How Can NDBIs Support Children’s Development? 

The NDBI techniques are used to teach children with autism developmentally appropriate skills, regardless of their age and functioning level. The hope is to create a positive and supportive learning environment that is tailored to the child’s needs and abilities. 

Areas of implementations

The NDBI approach can be effective in promoting growth and development in multiple domains. Some of the areas where NDBI models are successfully applied in treating children on the autism spectrum include: 

  • Early language development
  • Nonverbal interactions
  • Basic fine and gross motor skills
  • Peer interactions
  • Play skills
  • Social-emotional skills
  • Emotional regulation
  • Adaptive behavior, including self-help skills and daily living skills
  • Improving challenging behaviors

Why are NDBIs so effective? 

There are several reasons why naturalistic developmental behavioral interventions are effective in supporting the development of children with autism:


  • NDBIs are child-centered. In other words, interventions are tailored to the child’s individual needs, interests, and abilities. This personalized approach can help promote motivation when it comes to learning new skills.
  • NDBIs prioritize a naturalistic approach.

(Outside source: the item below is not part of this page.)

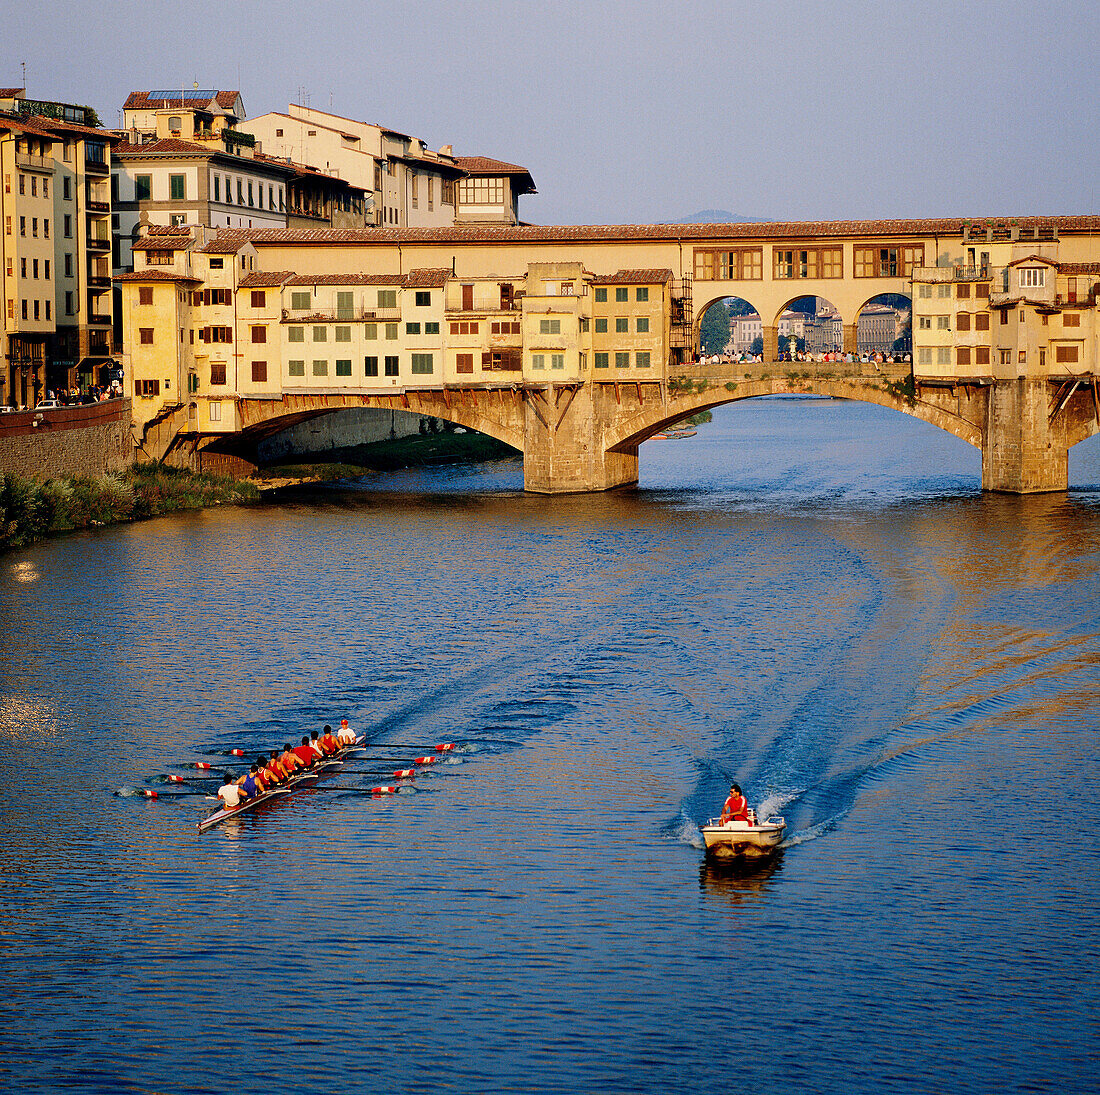 Ponte Vecchio bridge in Florence, Italy

They are based on the child’s preferences and incorporate everyday routines and activities, which makes learning more relevant and meaningful.
  • NDBIs focus on social engagement and interaction, which are critical areas of development for children with autism. 
  • NDBIs are evidence-based. They are supported by extensive research, which helps ensure that the interventions are effective and appropriate for the needs of each child.

13 Features That Are Common to the Intervention Approaches Classified as NDBIs

In her article entitled “Naturalistic Developmental Behavioral Interventions: Empirically Validated Treatments for Autism Spectrum Disorder” Laura Schreibman defines the features that NDBIs have in common: 

  1. Teaching incorporates the three-part contingency of antecedent, behavior, and consequence
  2. The use of a manual to guide implementation
  3. Accuracy assessment of the intervention implementation
  4. Individualized intervention goals
  5. Ongoing progress measurement
  6. Child-initiated teaching
  7. Setting up the environment in a way that promotes interaction and learning
  8. Prioritizing natural contingencies over external reinforcement
  9. Use of prompting and prompt fading to teach communication, social, and other skills
  10. Helping children to learn to take turns in social and play situations
  11. Modeling skills that children are being supported to learn
  12. Imitating children’s actions in order to motivate further communication attempts
  13. Using methodical approaches to broaden the repertoire of skills and interests.